→ **Task brief**: Copy each line below as it stands, but skip any picture it contains.

===== Given material =====

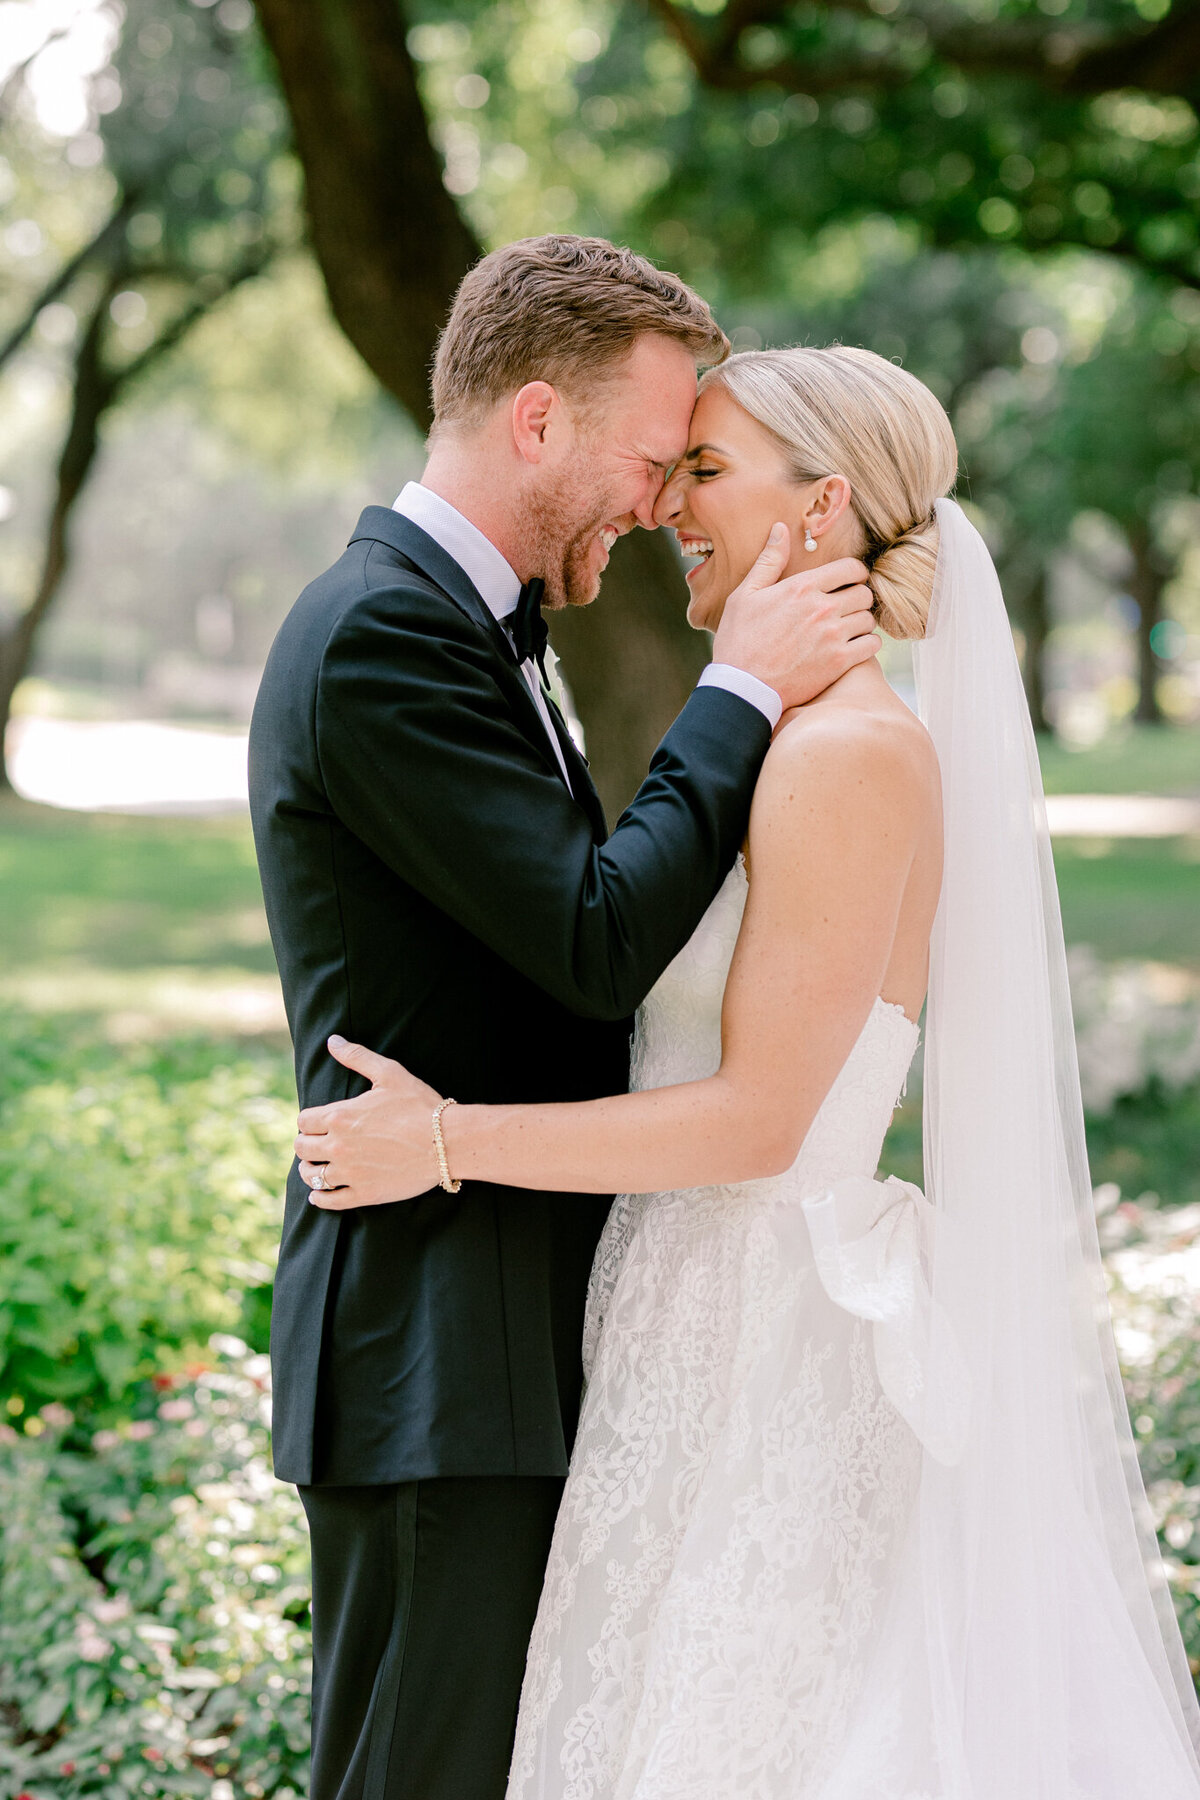 Katelyn & Kyle's Wedding at the Adolphus Hotel | Dallas Wedding Photographer | Sami Kathryn Photography-210
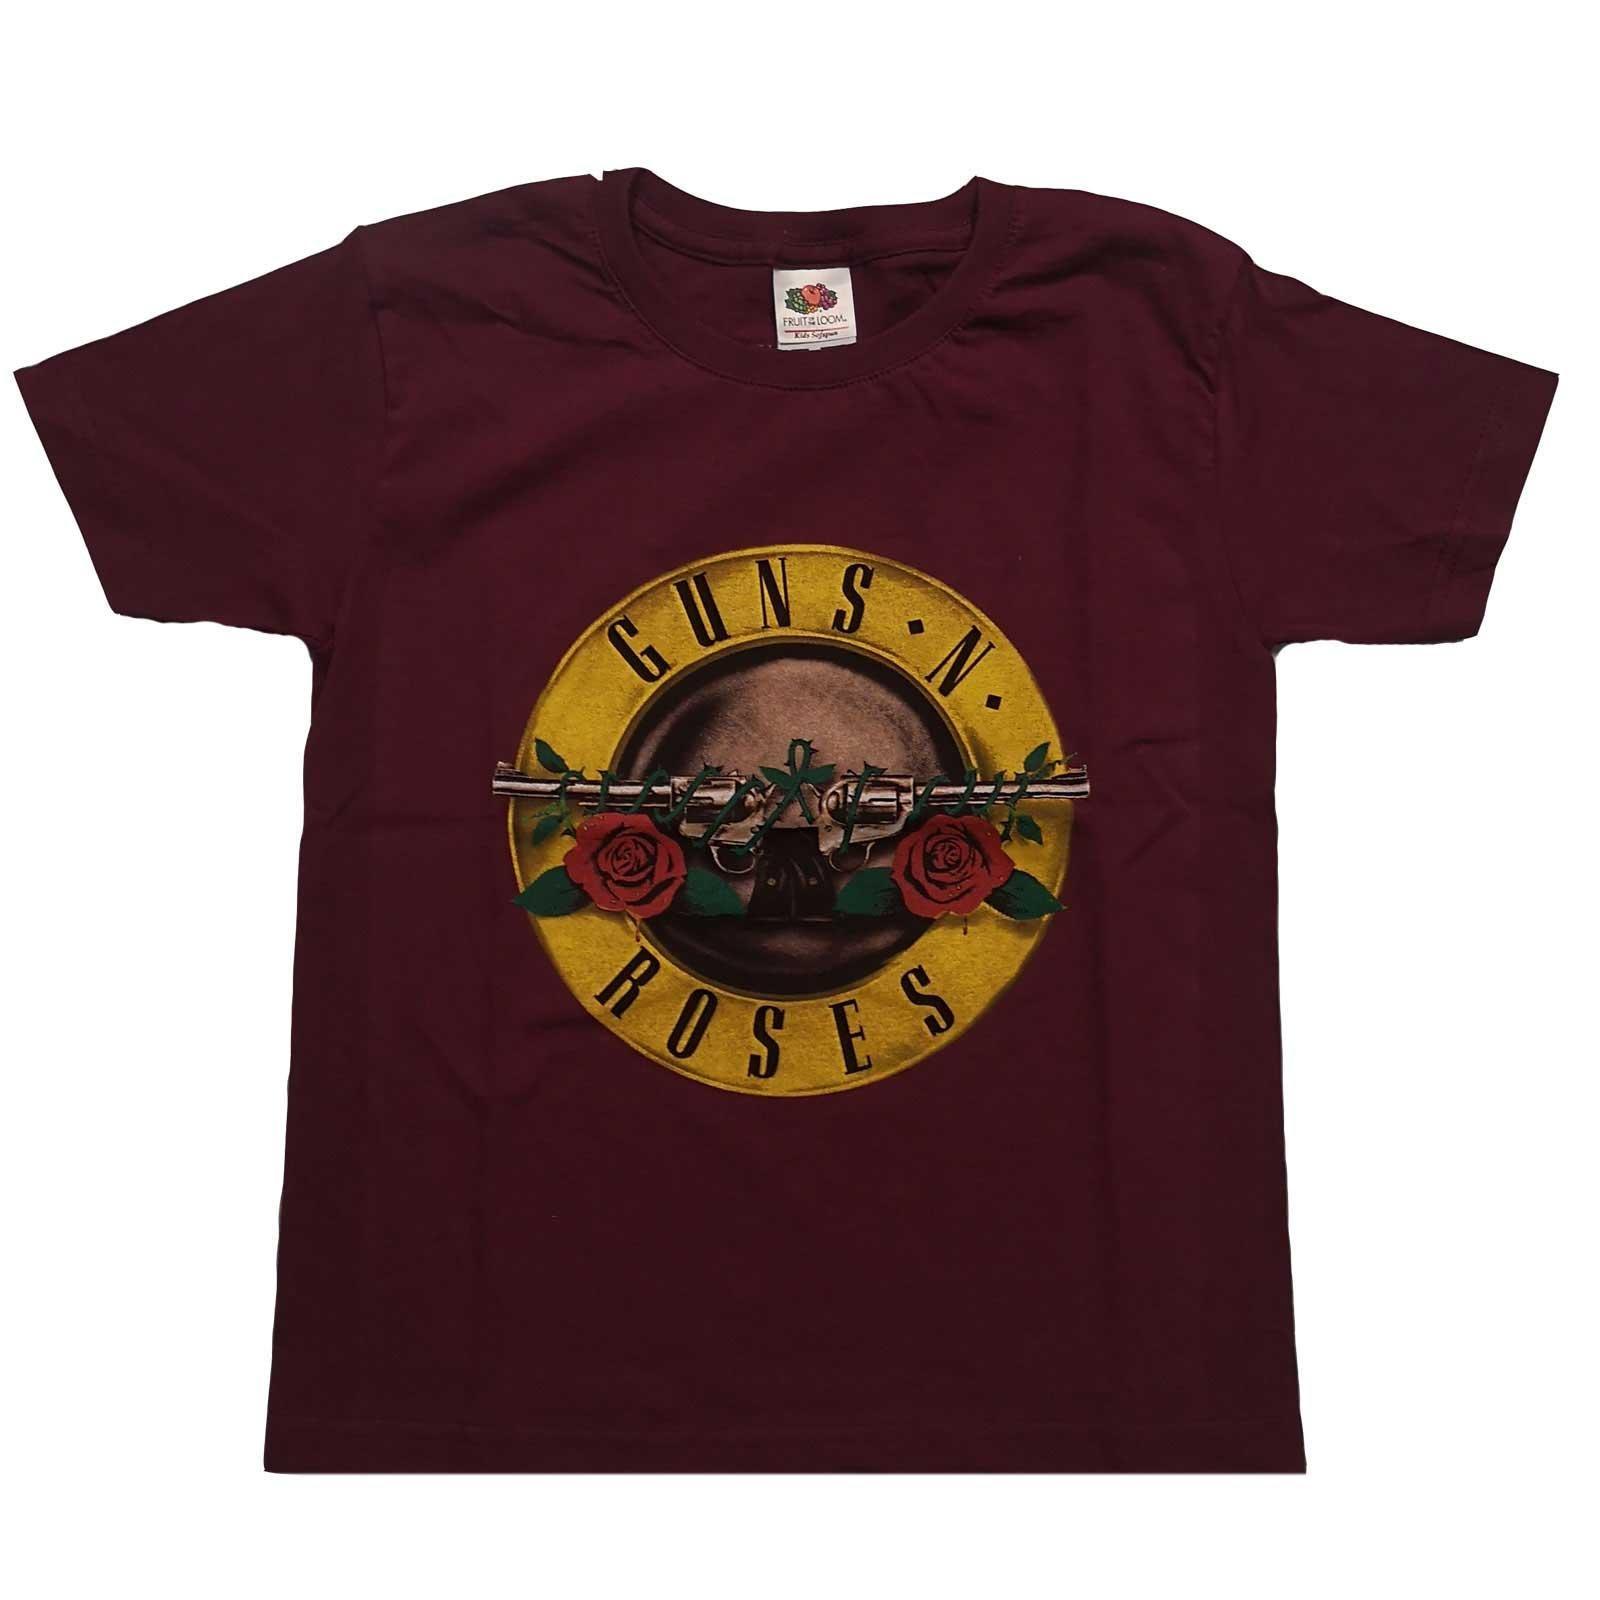 Tshirt Jungen Bordeaux 158/164 von Guns N Roses
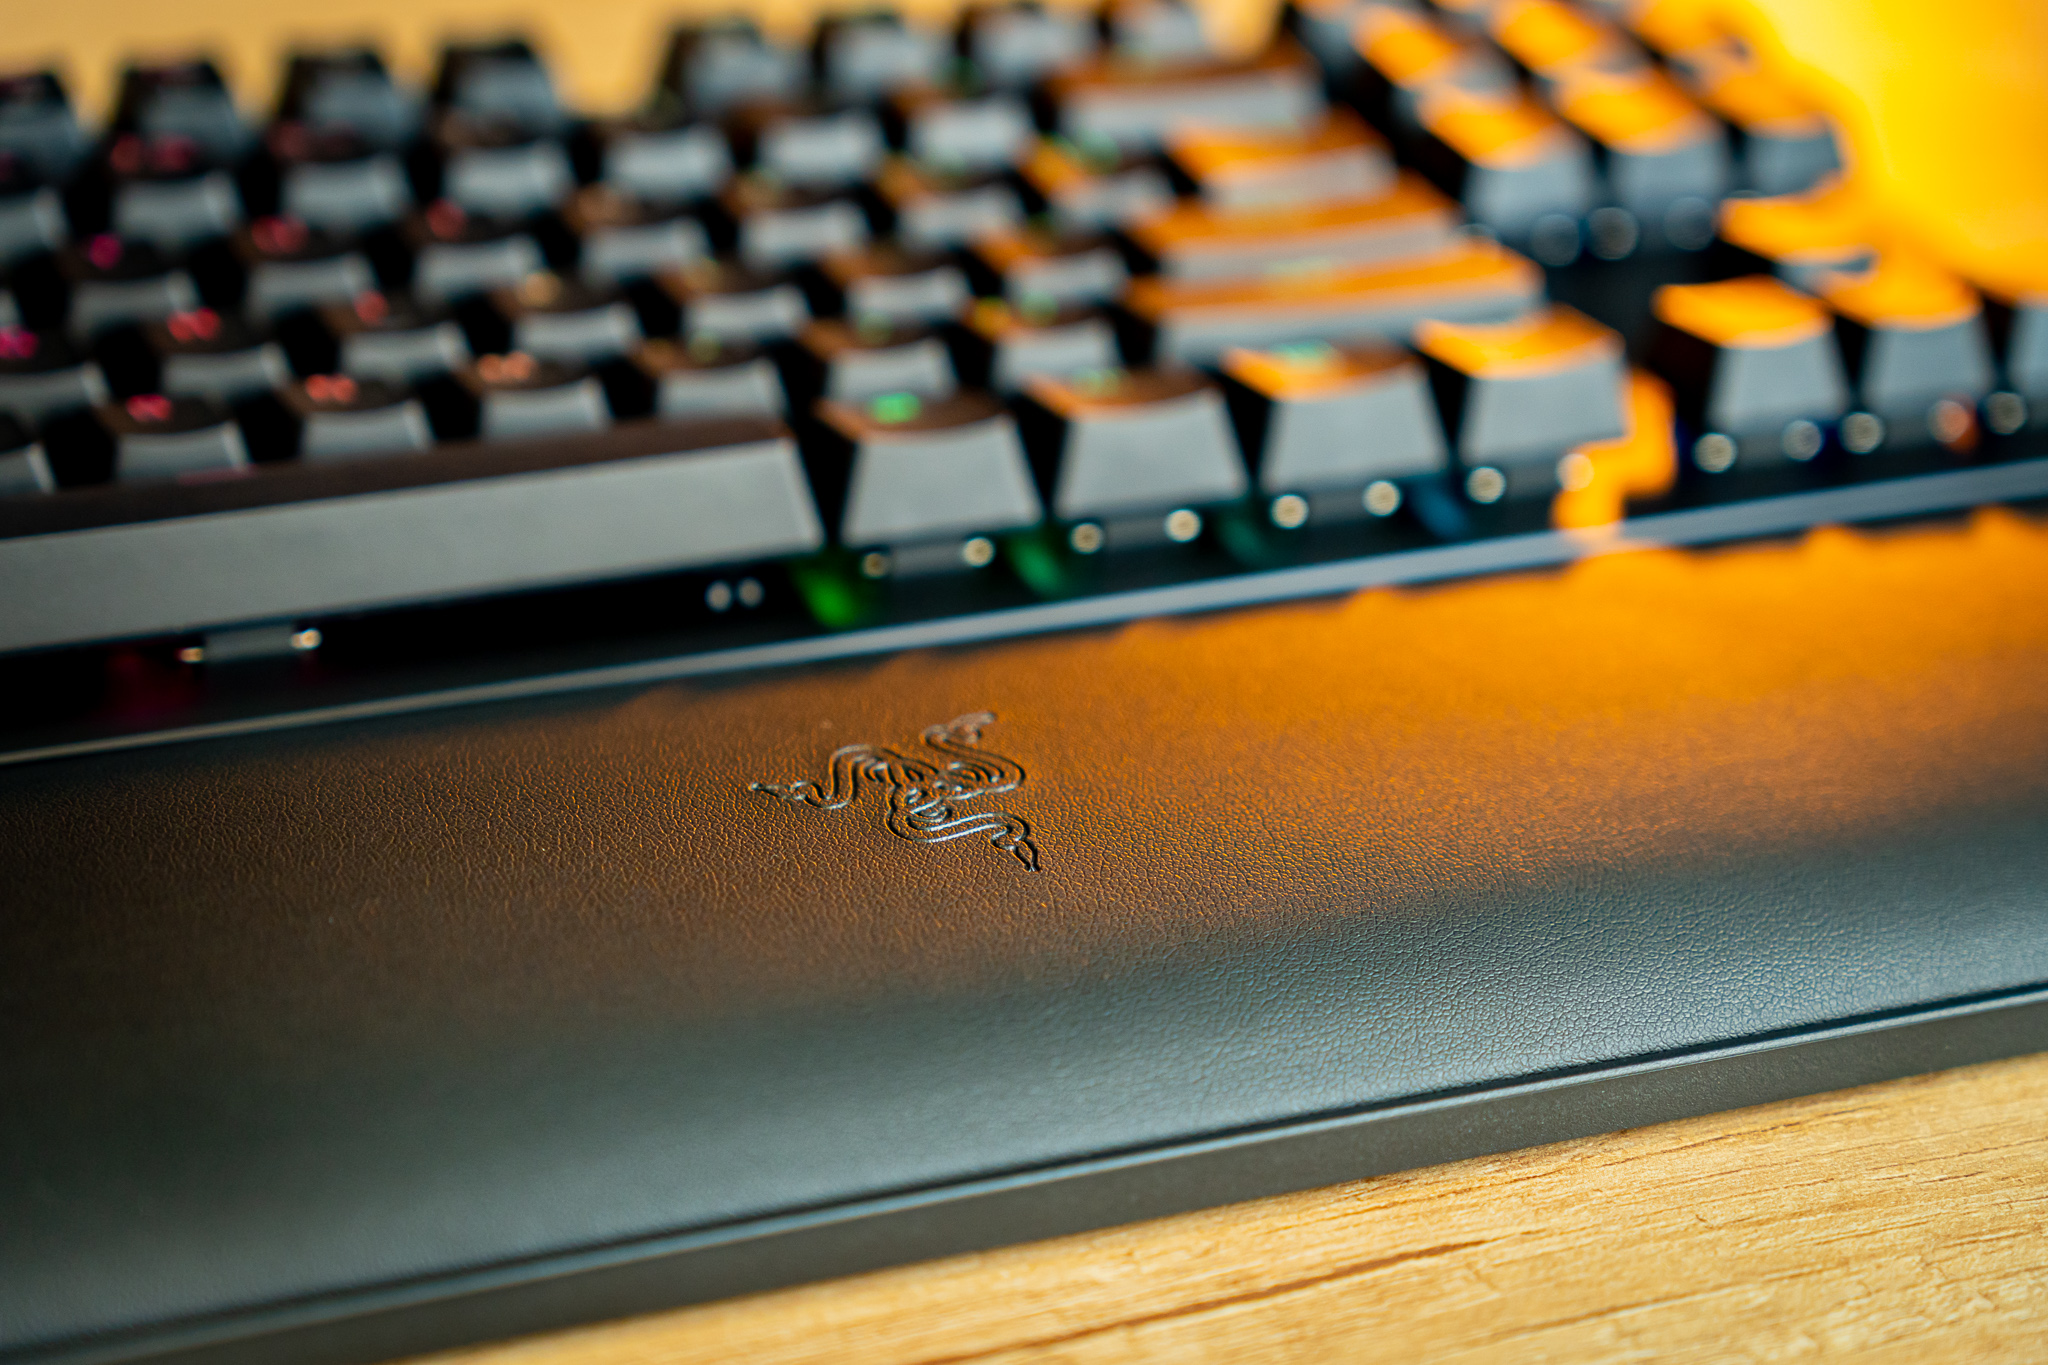 Razer Huntsman Mini Special Edition Keyboard 60% Optical Gaming-Green Key  Caps

=====

→ **Output of the exercise**:
 Katelyn & Kyle's Wedding at the Adolphus Hotel | Dallas Wedding Photographer | Sami Kathryn Photography-210
 Tshirt Jungen Bordeaux 158/164 von Guns N Roses
 Razer Huntsman Mini Special Edition Keyboard 60% Optical Gaming-Green Key  Caps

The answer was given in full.